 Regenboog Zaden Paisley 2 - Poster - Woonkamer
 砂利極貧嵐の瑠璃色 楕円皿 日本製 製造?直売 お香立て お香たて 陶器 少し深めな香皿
...
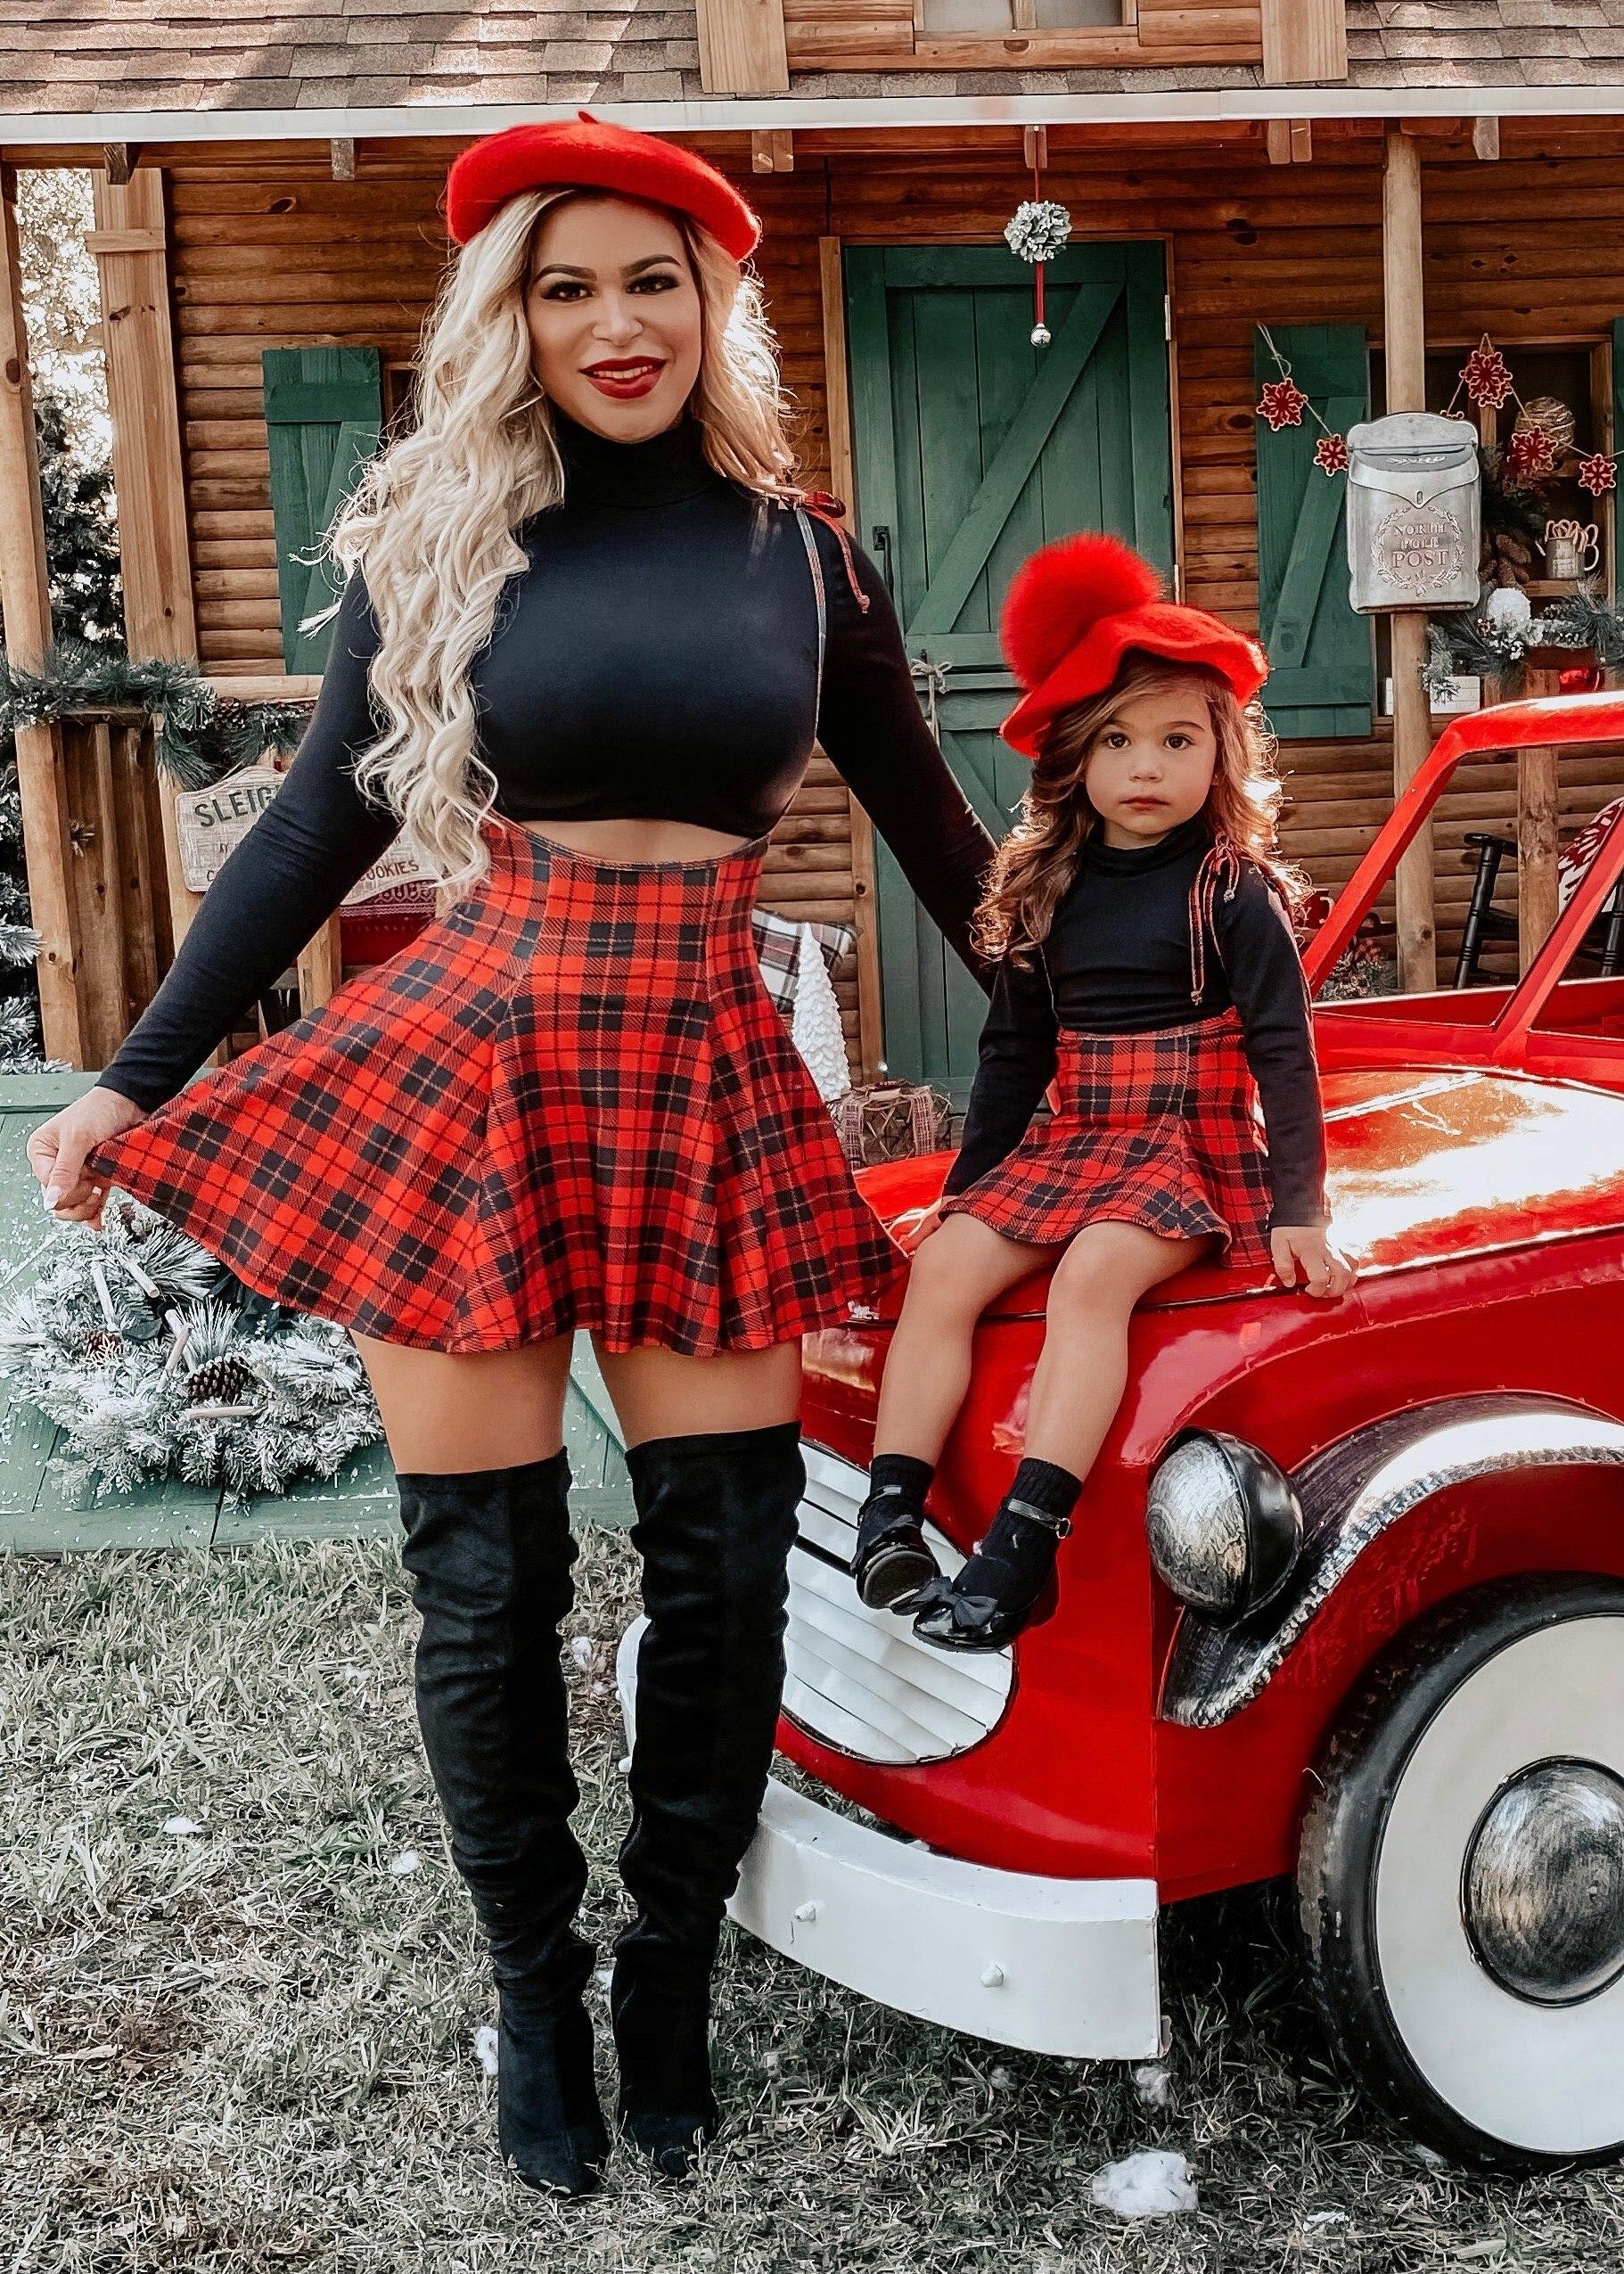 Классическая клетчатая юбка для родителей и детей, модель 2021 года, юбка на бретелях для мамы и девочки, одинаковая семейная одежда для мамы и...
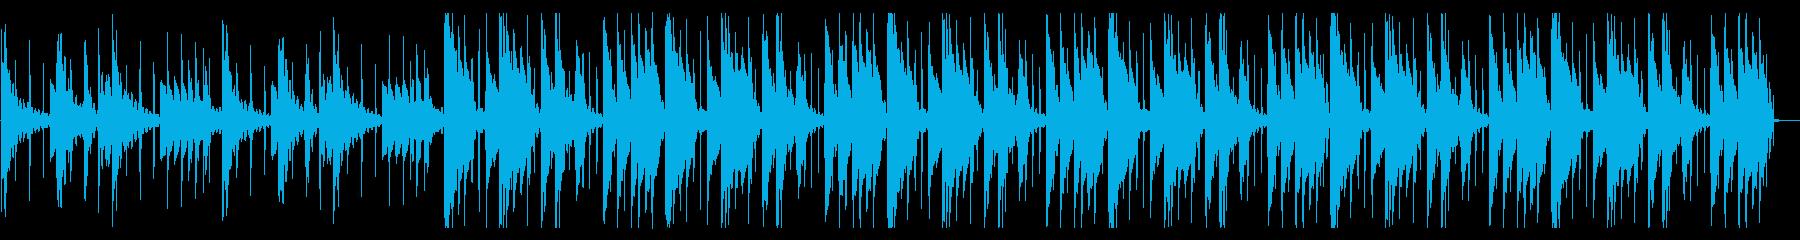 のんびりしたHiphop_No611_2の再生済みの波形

## About this task
Reproduce, word for word and in full, only the lines above that start at the line with "Regenboog Zaden Paisley" and run through the line with "砂利極貧嵐の瑠璃色 楕円皿 日本製 製造?直売 お香立て お香たて 陶器 少し深めな香皿", both ends included.

## Answer space
 Regenboog Zaden Paisley 2 - Poster - Woonkamer
 砂利極貧嵐の瑠璃色 楕円皿 日本製 製造?直売 お香立て お香たて 陶器 少し深めな香皿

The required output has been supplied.